Give back all of the data exactly as it stands, with the pictures removed.

» **Data**
┄┄┄┄┄┄

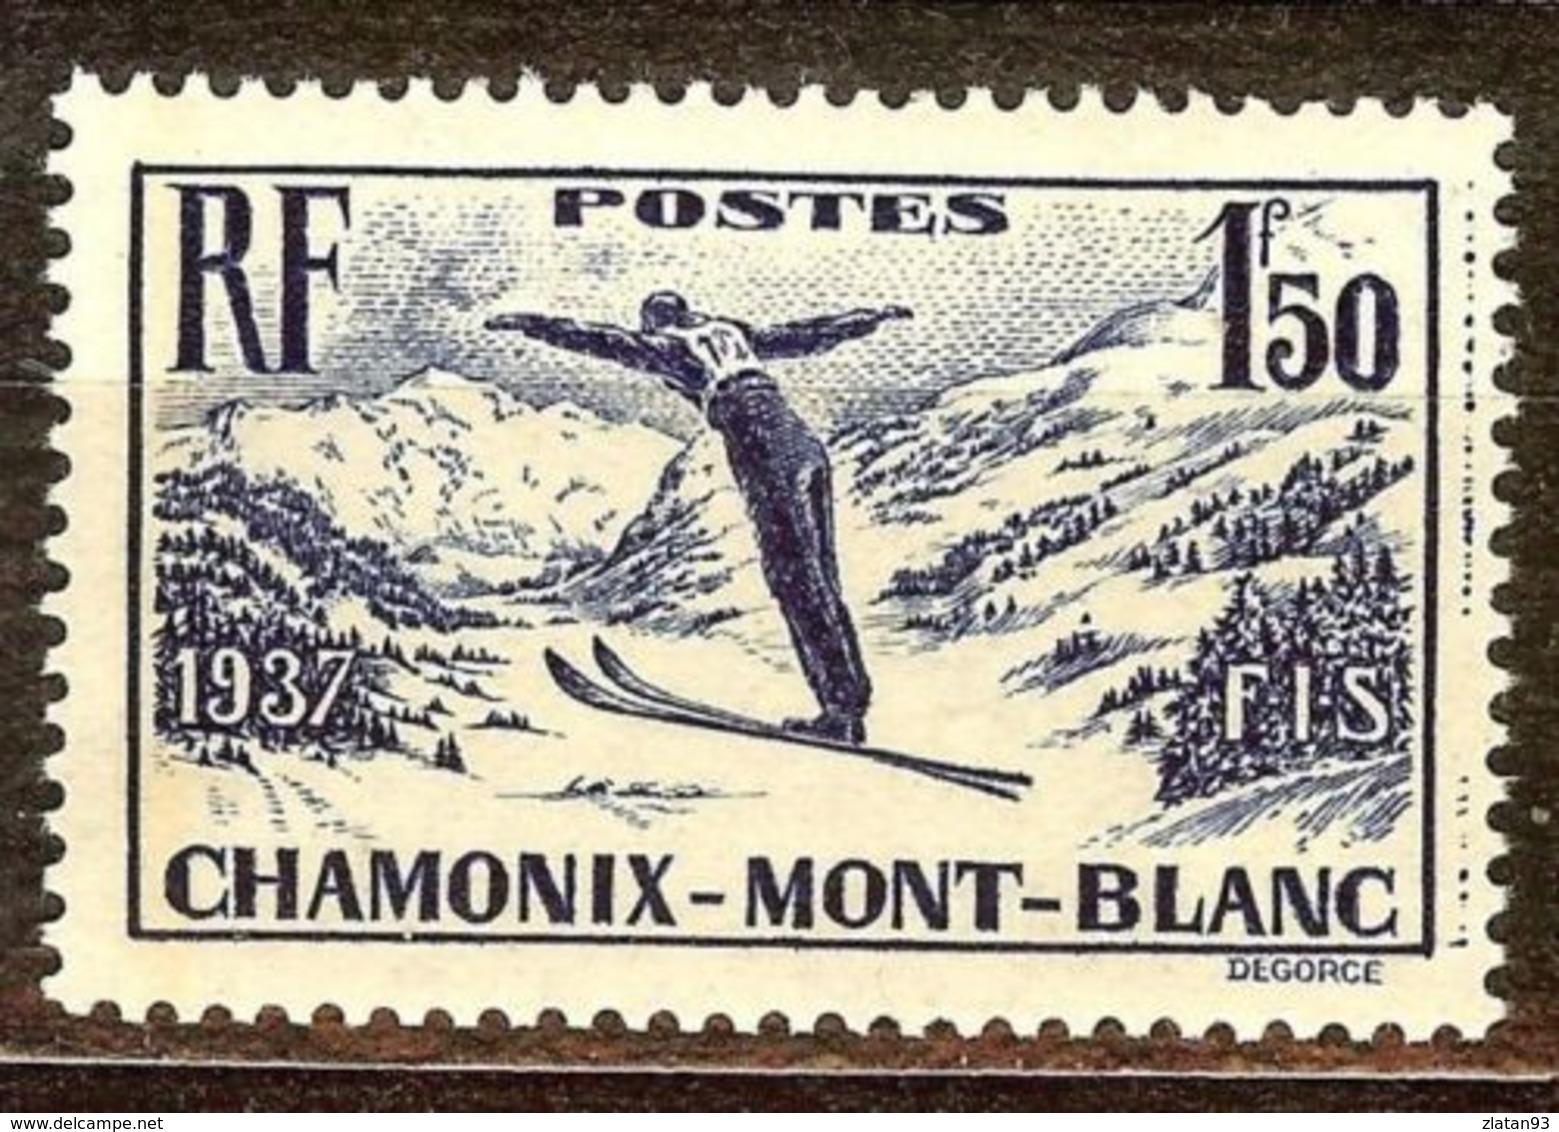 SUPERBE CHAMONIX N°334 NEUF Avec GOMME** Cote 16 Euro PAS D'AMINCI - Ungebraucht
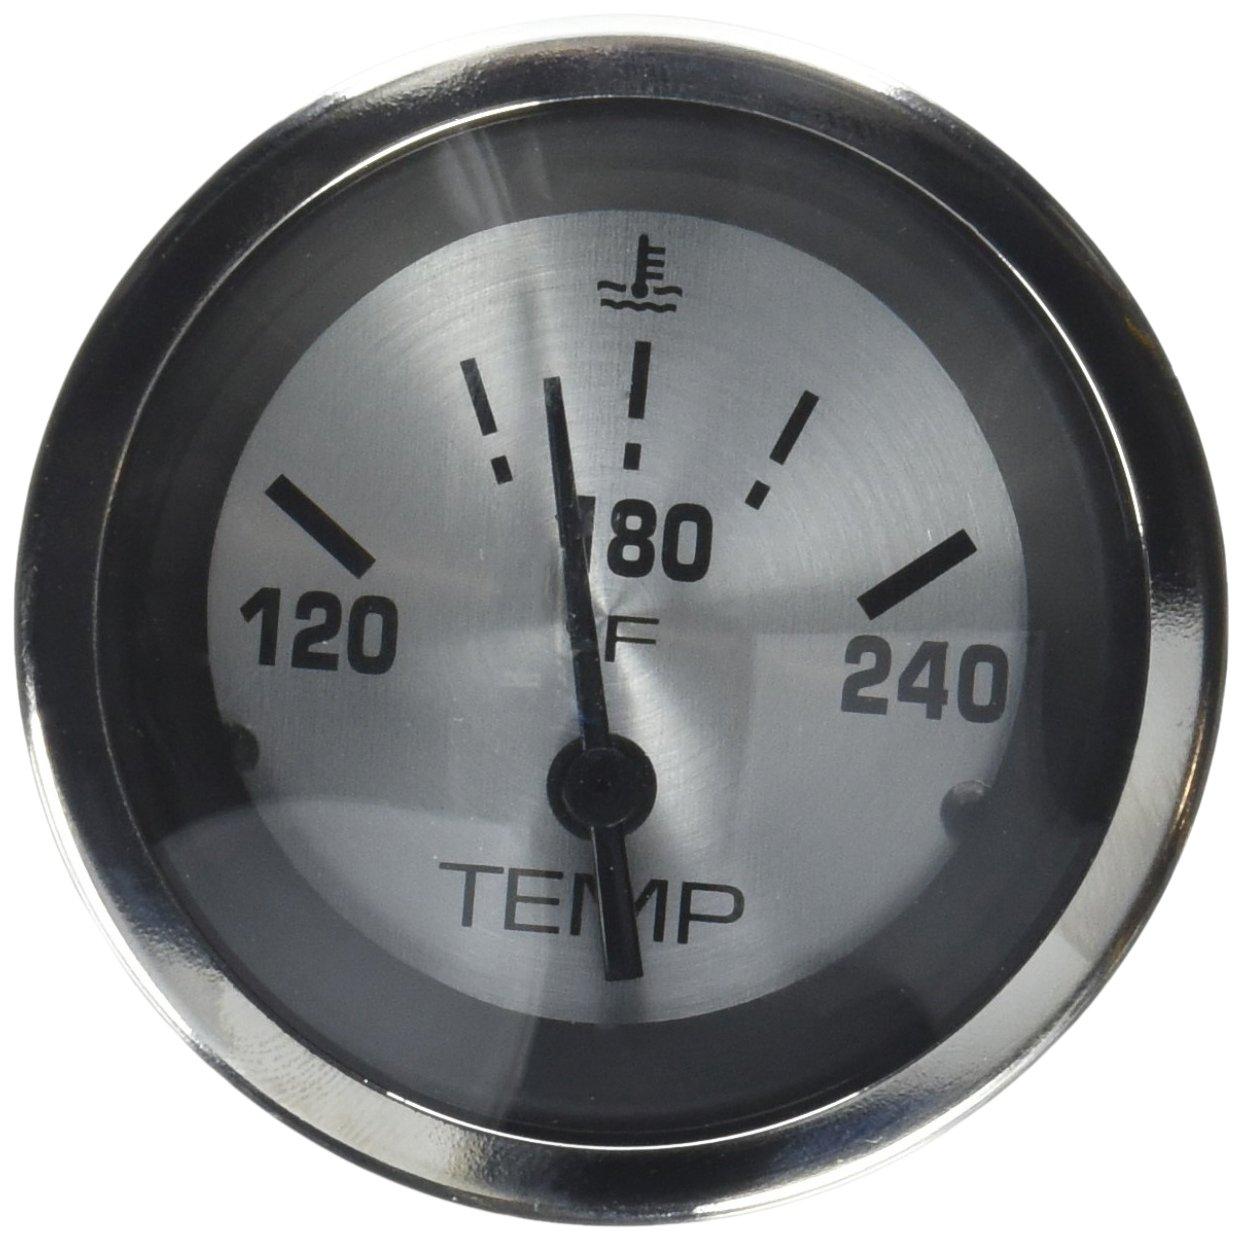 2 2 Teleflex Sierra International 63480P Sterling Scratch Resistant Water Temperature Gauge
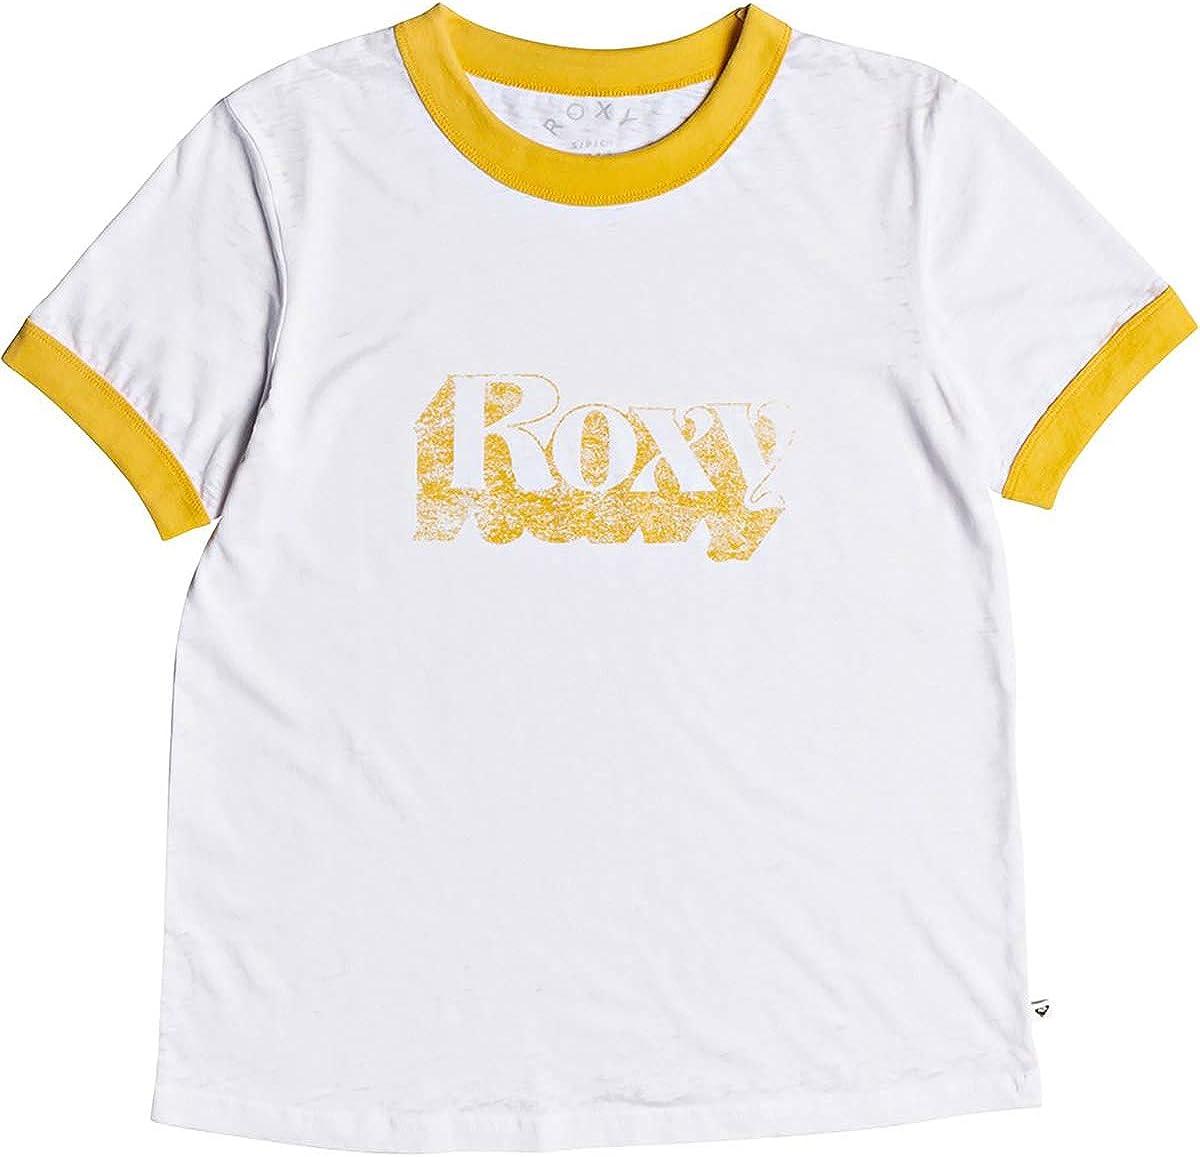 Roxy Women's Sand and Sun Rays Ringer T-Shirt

┄┄┄┄┄┄

» **Answer space**
 SUPERBE CHAMONIX N°334 NEUF Avec GOMME** Cote 16 Euro PAS D'AMINCI - Ungebraucht
 2 2 Teleflex Sierra International 63480P Sterling Scratch Resistant Water Temperature Gauge
 Roxy Women's Sand and Sun Rays Ringer T-Shirt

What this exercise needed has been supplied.